I’ve never been more proud to be an Enemy of the People than this week at the Pacific Sun and the Bohemian, our sister paper in Sonoma County. The Pacific Sun turned 55 this year and the Bohemian turned 40, which means we’re five years away from over 100 years of continuously published news and arts in the North Bay.
That’s something. Papers come and go, and go again.
On a personal note, it’s been an interesting ride. When I started in this business, in 1989, one of the most rewarding aspects of membership in the Association of Alternative Newsweeklies (now Newsmedia), was that the papers in the organization would send their issues out to all the other papers via snail-mail. So when you’d come to work, alt-weeklies from around the country—Creative Loafing, The Stranger, The Chicago Reader—would be available to get ideas from, send résumés to, and flat-out just enjoy reading.
We’re a quirky lot, those of us who’ve stayed in the alternative universe over the years—a place to indulge the obsessive whim, report the scam, riff on the accepted wisdom of the day. The shared-newspaper arrangement provided a sense of belonging to the imperfect muckrakers and misfits who populate this vital corner of the publishing world. It went out the window years ago as alt-weeklies looked for places to shave costs in an ever-shifting media landscape that, since the late ’80s, has been dancing with digital, and not always so successfully. And besides, nowadays you can just jump online and check out what the other papers are up to, if they’re still around.
We are. This paper has a storied history and a long-standing bias to afflict the comforted and comfort the afflicted. The team here is doing its level best to hold up the traditions, and will continue to do so until they take this stubby pencil out of my cold, dead hands.
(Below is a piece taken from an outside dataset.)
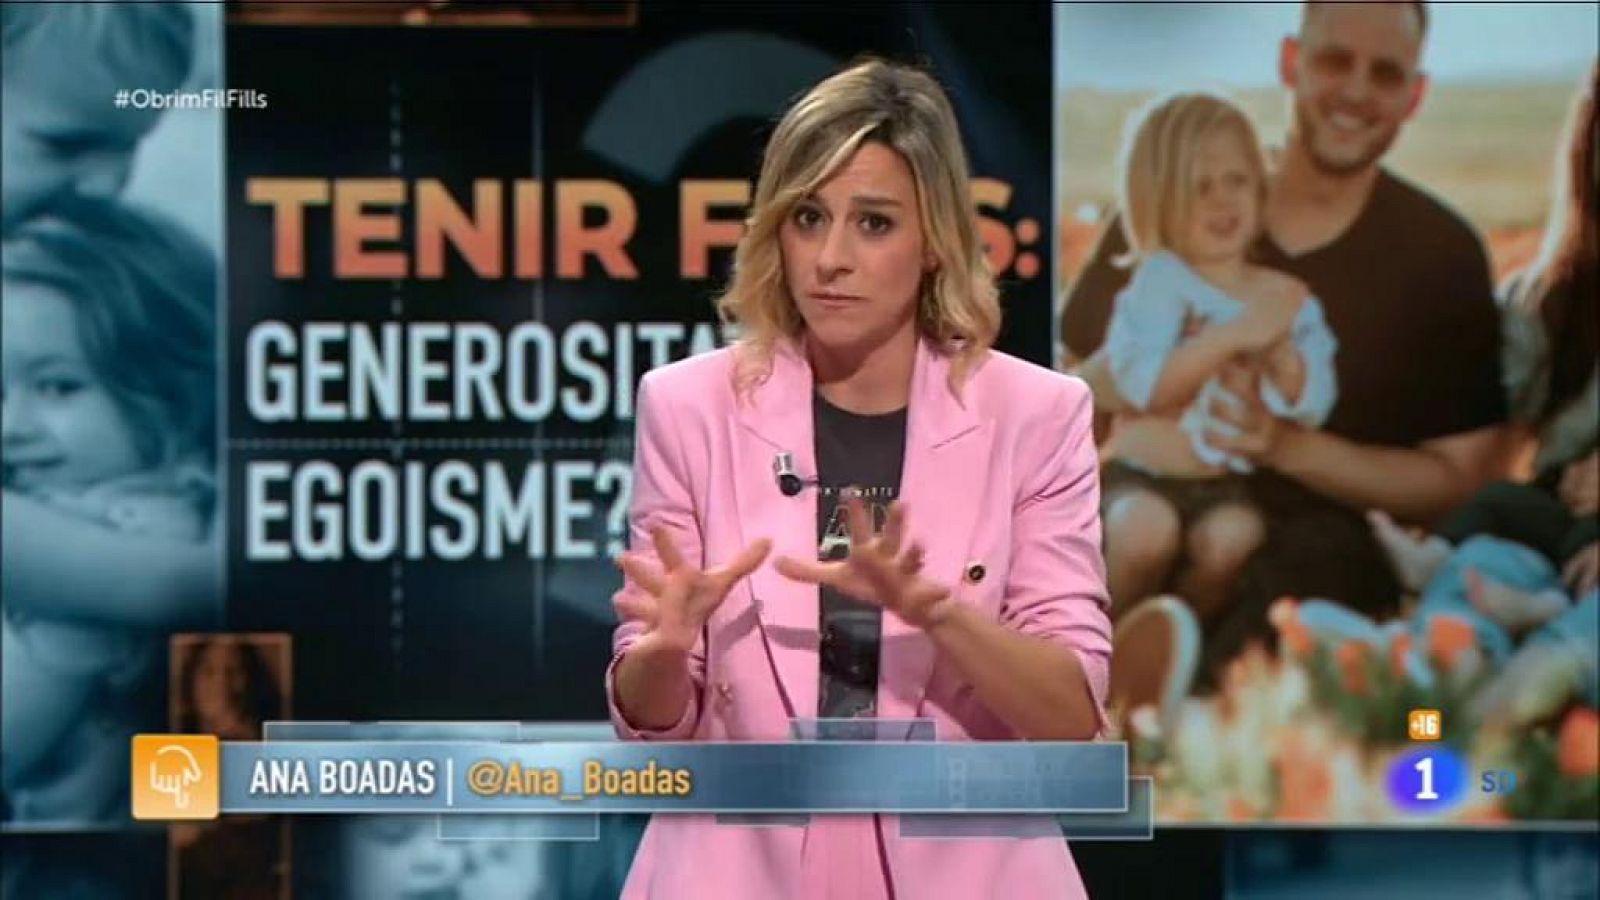 Obrim fil - Informe de l'Ana Boadas sobre tenir fills - RTVE Catalunya

We’re part of a group of papers that has survived all the recent, crushing moments in media—recessions and buyouts and Craigslist, and the digital dilemma that requires a daily engagement with the online beast that must be fed.
These old archives we’ve been going through to produce this issue are a bracing reminder of the critical role and vitality of community-based news-gathering and cultural reporting—and the power of the press, of newsprint, to make a difference in our chosen communities—while also letting readers know where to get some choice dim sum on the cheap. And on that note, I believe that it’s lunchtime again in America. Long live the alt-weekly!